### Your instructions
Every line of the entries below from the one containing "Head in Hands - Street Art by C215 in London" to the one containing "Limpiador C icon", both ends included, must be written out exactly. No other line belongs in the answer.

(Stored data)
--------

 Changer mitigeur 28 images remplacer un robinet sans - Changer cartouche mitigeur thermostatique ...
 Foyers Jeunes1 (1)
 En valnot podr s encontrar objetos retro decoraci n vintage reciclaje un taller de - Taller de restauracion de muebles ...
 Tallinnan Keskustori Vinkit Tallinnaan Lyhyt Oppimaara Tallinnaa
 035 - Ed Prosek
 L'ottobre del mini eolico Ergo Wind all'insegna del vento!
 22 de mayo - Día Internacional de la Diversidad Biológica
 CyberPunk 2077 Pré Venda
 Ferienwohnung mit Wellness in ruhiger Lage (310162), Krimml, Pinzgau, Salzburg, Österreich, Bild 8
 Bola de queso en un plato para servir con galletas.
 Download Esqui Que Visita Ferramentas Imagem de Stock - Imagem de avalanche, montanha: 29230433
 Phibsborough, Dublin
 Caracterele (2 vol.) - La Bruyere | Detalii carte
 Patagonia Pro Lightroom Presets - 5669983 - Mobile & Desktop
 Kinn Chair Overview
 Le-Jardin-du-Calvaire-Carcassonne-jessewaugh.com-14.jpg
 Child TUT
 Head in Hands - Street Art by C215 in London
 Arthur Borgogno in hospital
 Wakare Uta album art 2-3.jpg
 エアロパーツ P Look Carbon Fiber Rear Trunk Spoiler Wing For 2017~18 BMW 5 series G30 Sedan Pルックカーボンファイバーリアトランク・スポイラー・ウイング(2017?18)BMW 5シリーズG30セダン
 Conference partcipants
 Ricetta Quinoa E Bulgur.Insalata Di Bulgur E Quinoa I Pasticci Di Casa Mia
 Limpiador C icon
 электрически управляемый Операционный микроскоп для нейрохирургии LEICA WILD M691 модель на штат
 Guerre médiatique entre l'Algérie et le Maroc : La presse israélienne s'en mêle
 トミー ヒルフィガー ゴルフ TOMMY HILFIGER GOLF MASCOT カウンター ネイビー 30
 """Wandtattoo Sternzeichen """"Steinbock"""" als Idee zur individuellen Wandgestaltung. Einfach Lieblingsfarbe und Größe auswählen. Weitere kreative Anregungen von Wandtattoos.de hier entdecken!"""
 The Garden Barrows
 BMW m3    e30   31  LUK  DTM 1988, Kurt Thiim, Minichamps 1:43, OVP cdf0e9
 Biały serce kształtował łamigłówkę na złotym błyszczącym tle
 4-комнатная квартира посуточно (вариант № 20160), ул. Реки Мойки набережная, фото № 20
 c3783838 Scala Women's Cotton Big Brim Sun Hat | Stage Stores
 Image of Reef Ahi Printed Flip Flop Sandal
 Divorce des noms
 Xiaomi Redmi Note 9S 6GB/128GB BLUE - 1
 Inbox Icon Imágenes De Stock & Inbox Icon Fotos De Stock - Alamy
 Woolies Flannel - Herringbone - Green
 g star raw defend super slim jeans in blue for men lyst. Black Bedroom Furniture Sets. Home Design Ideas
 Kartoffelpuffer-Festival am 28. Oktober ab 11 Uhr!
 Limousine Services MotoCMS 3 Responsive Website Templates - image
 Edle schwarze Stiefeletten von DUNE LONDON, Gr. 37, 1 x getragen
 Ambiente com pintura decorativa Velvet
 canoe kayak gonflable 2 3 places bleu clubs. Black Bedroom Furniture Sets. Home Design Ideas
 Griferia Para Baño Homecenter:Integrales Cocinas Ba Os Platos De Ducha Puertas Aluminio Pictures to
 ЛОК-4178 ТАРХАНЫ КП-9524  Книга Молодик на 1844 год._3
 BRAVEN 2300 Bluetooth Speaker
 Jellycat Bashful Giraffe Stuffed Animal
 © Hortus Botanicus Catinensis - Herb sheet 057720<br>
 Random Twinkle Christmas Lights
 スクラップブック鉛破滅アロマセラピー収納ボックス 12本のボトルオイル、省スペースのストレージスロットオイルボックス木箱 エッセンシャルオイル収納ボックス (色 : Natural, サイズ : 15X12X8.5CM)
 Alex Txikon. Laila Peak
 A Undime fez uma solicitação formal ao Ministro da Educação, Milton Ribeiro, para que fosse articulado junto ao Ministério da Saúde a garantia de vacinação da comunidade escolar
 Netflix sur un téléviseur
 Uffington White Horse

--------

### Problem solution
 Head in Hands - Street Art by C215 in London
 Arthur Borgogno in hospital
 Wakare Uta album art 2-3.jpg
 エアロパーツ P Look Carbon Fiber Rear Trunk Spoiler Wing For 2017~18 BMW 5 series G30 Sedan Pルックカーボンファイバーリアトランク・スポイラー・ウイング(2017?18)BMW 5シリーズG30セダン
 Conference partcipants
 Ricetta Quinoa E Bulgur.Insalata Di Bulgur E Quinoa I Pasticci Di Casa Mia
 Limpiador C icon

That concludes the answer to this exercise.